US 12,142,030 B2
Neural network compression device and method for same
Daichi Murata, Tokyo (JP)
Assigned to HITACHI ASTEMO, LTD., Ibaraki (JP)
Appl. No. 17/781,510
Filed by Hitachi Astemo, Ltd., Hitachinaka (JP)
PCT Filed Oct. 30, 2020, PCT No. PCT/JP2020/040924
§ 371(c)(1), (2) Date Jun. 1, 2022,
PCT Pub. No. WO2021/111788, PCT Pub. Date Jun. 10, 2021.
Claims priority of application No. 2019-220172 (JP), filed on Dec. 5, 2019.
Prior Publication US 2023/0005244 A1, Jan. 5, 2023
Int. Cl. G06V 10/774 (2022.01); G05D 1/00 (2024.01); G06N 3/082 (2023.01); G06V 10/82 (2022.01)
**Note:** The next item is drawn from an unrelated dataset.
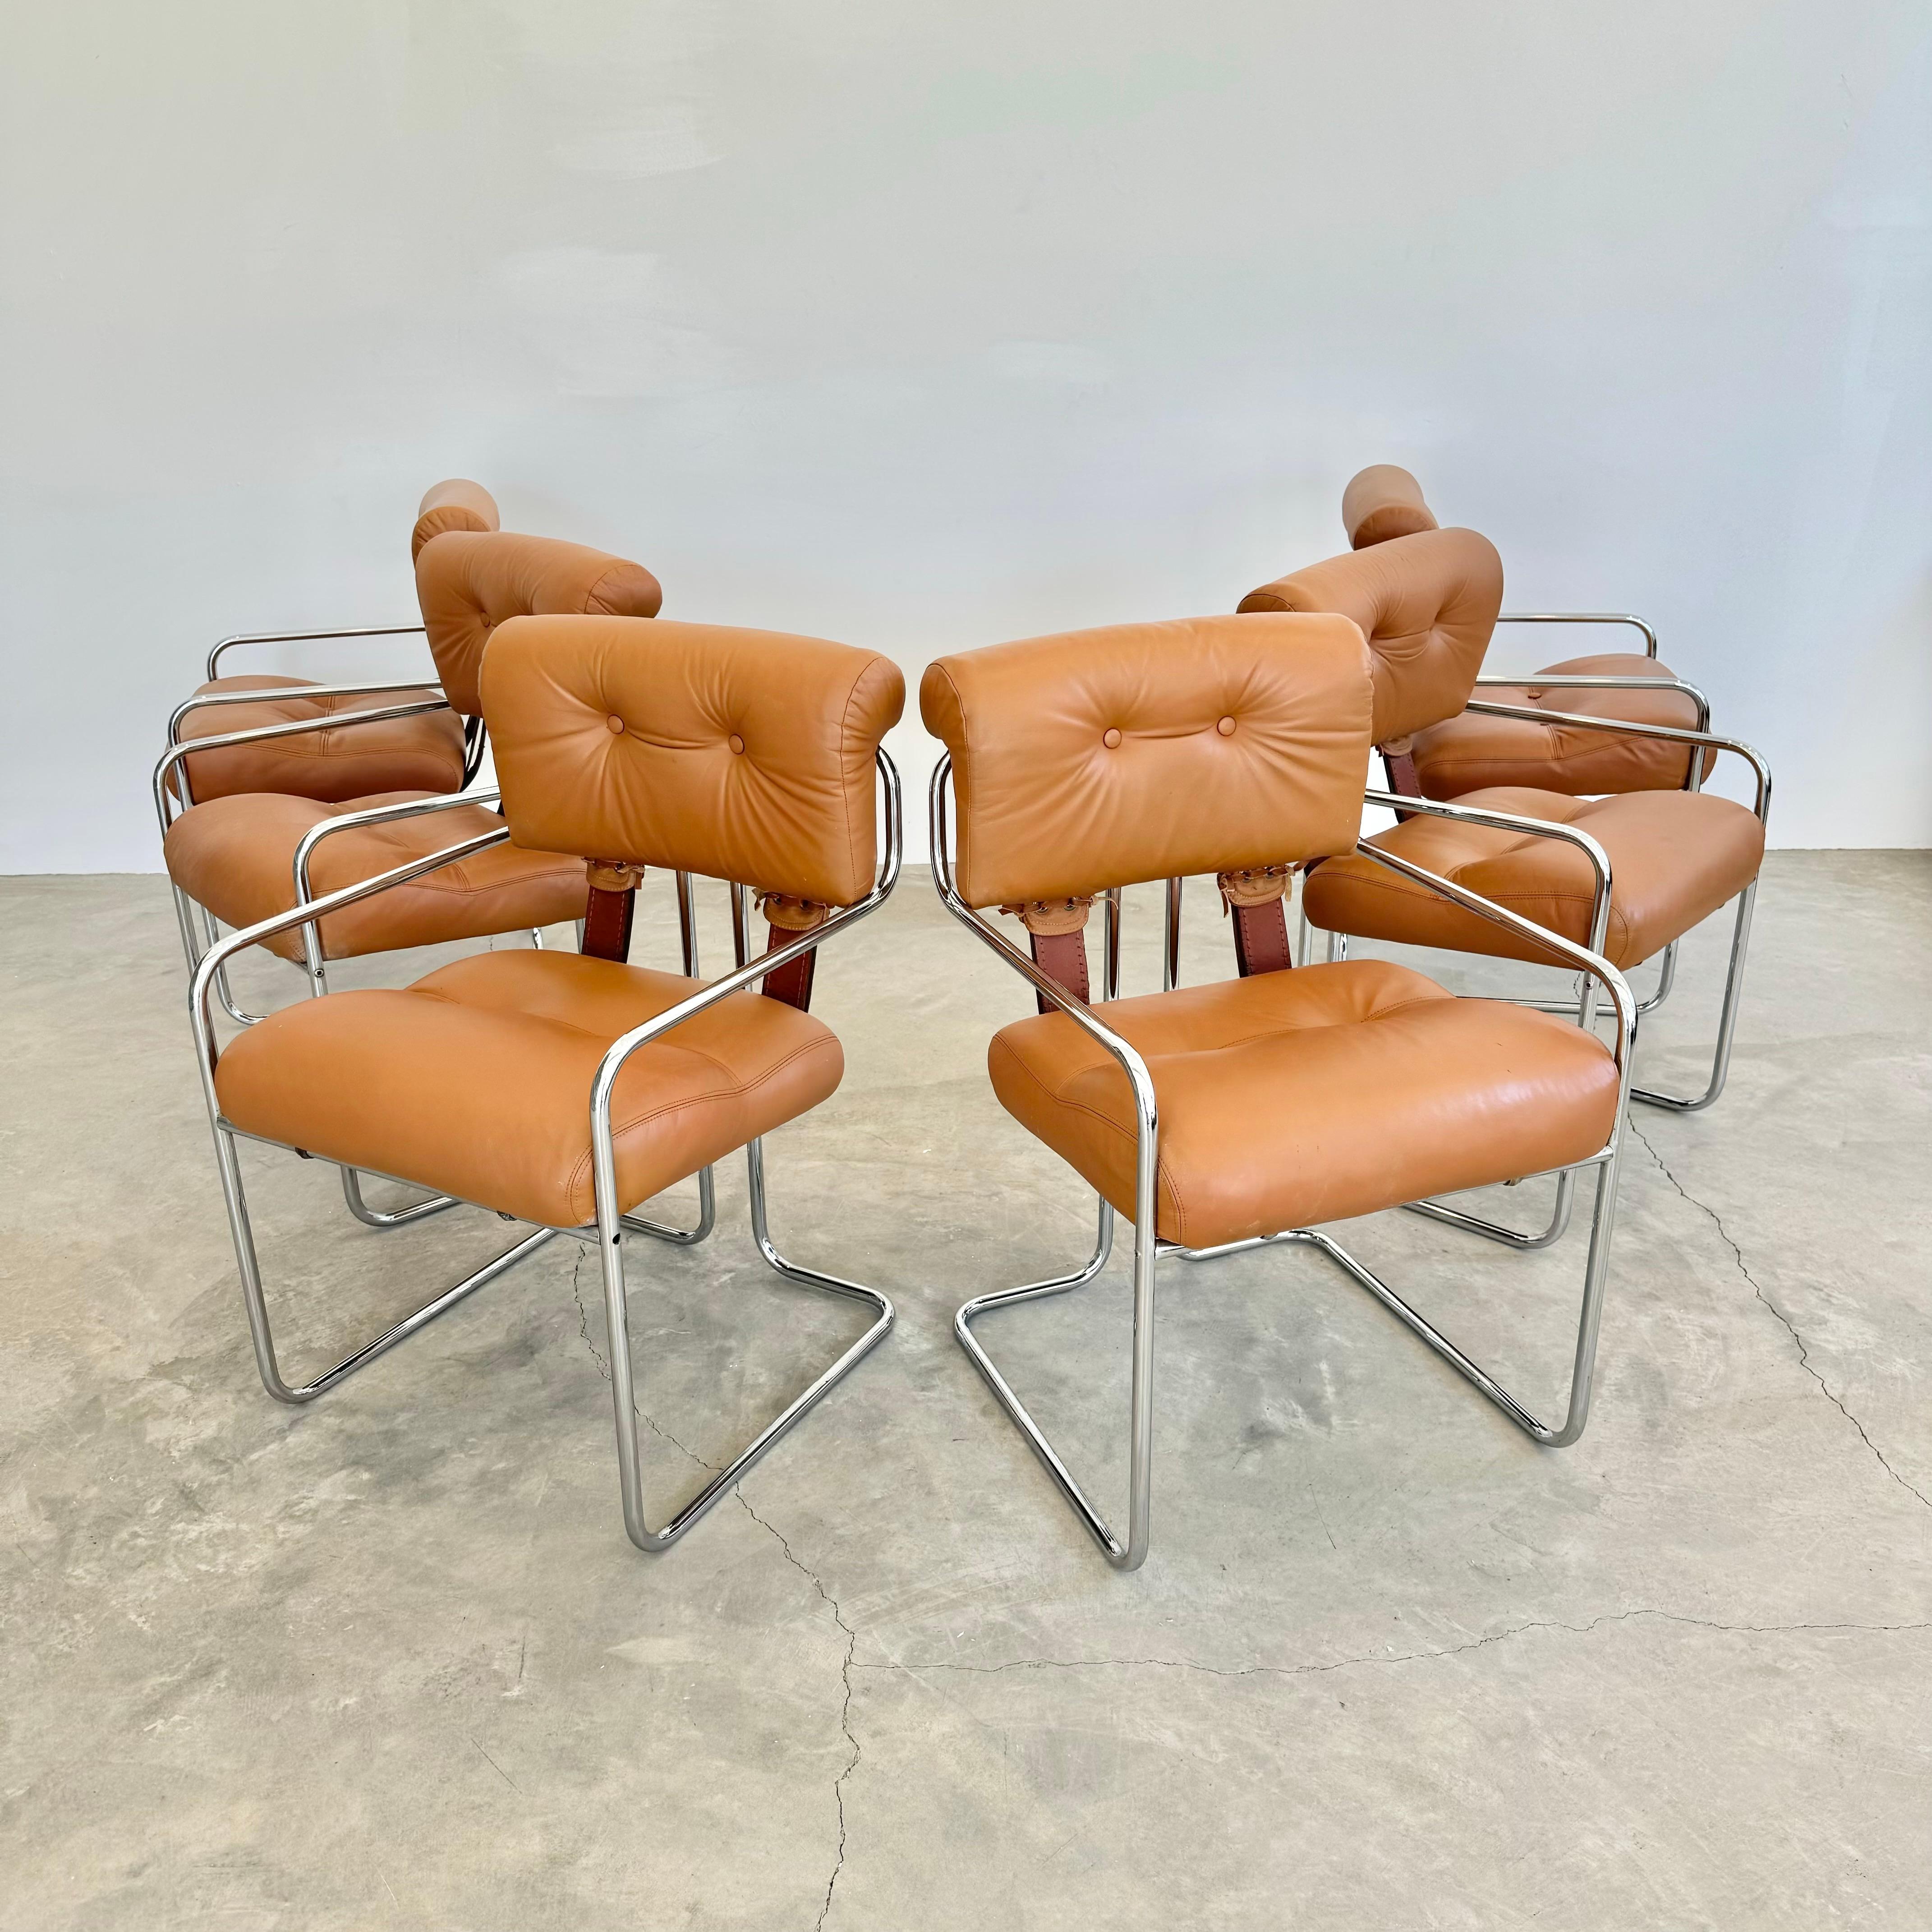 Superbe ensemble de 6 chaises Tucroma par Guido Faleschini pour Mariani, Pace. Magnifiques sièges et dossiers en cuir fauve d'origine et cadre tubulaire chromé classique. Ces chaises, qui font partie intégrante du design italien moderne,

CPC G06V 10/774 (2022.01) [G05D 1/0088 (2013.01); G06N 3/082 (2013.01); G06V 10/82 (2022.01)] 15 Claims
OG exemplary drawing
 
1. A neural network compression device that compresses a neural network by using a training data set that has been input, the neural network compression device comprising:
a training image selection unit that calculates an influence value on an inference result calculated by using an inference data set and a neural network model for the training data set, that classifies the training data set into valid training data necessary for the compression and invalid training data unnecessary for the compression, based on the influence value, and that generates an indexed training data set; and
a neural network compression unit that compresses the neural network model, based on the indexed training data set and the neural network model.